THE COMMENT IN THE TWENTY-NINTH CHAPTER OF THE BOOK OF ACTS in the Turkish Archives at Istanbul (formerly Constantinople), about the arrival of St. Paul in Britain at the Port of Raphinus and his preaching in their city upon “Mount Lud”, (Ref. 1 – p 141), is interesting as it takes one back to the foundation and early history of London.

Gordon (Ref. 2) and Waddell (Ref.3) both rely on Nennius and Geoffrey of Monmouth for their information. Gordon also uses information from the works of the Welsh scholar and bard, R. W. Morgan, and particularly refers to his “History of the Kymri”.(Ref. 2 – p 85 & 106).

2. Prehistoric London

Gordon (Ref. 2 – p 6) shows the plan of the prehistoric London mounds. Two of the mounds are artificially constructed. One was known as Bryn Gwyn, the white or holy mound, and the White Tower of London was built on this site. The other was Tot Hill meaning the sacred mound. Both of these mounds are close to the Thames.

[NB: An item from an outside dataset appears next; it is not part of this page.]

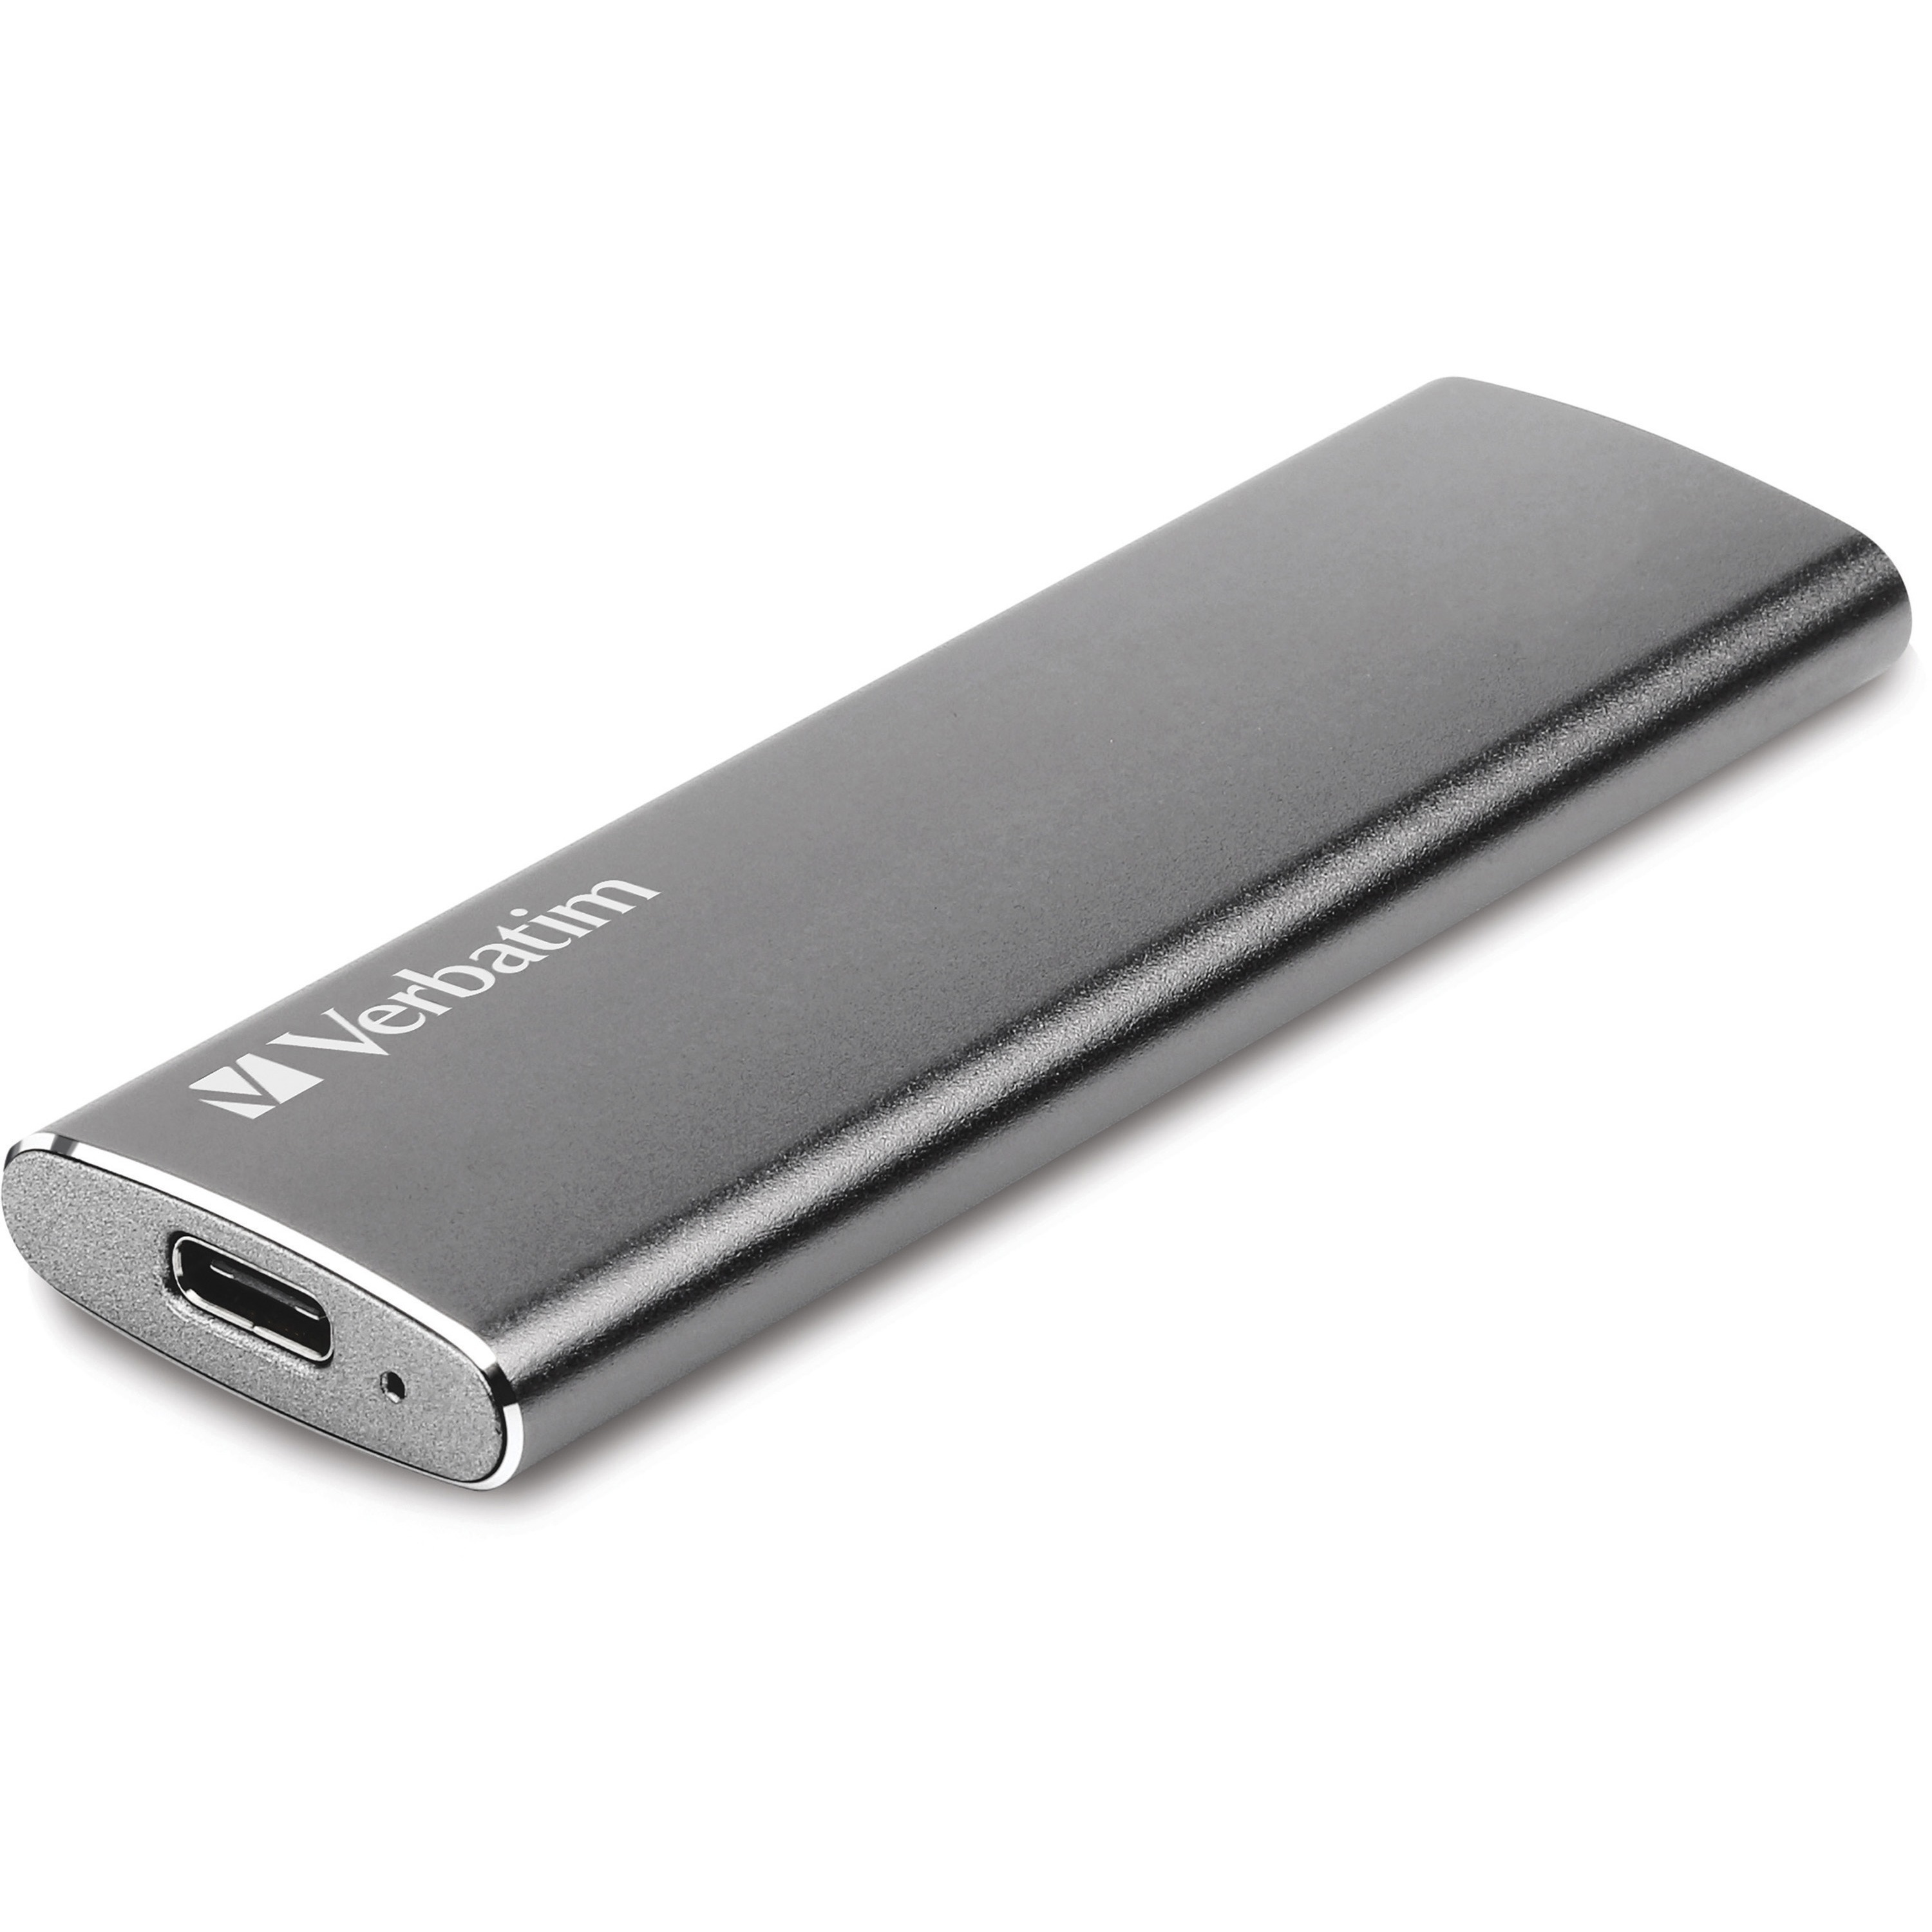 External - SSD, USB 2 Verbatim Graphite 3.1 Zerbee - Gen 480GB Vx500

Four miles north east of St. Paul’s Cathedral there is a hill which was known as “LIandin”, a sacred or lake eminence, known today as Parliament Hill standing 322 feet high.(Ref. 2 – p 7/8). On the north eastern slope of this hill is a stone monument on which it states public speaking is allowed. It appears that since “time immemorial ” this hill has been used for numerous meetings both religious and political, either on the hill or on “Parliament Fields ” at its base. (Ref. 2 – p 110).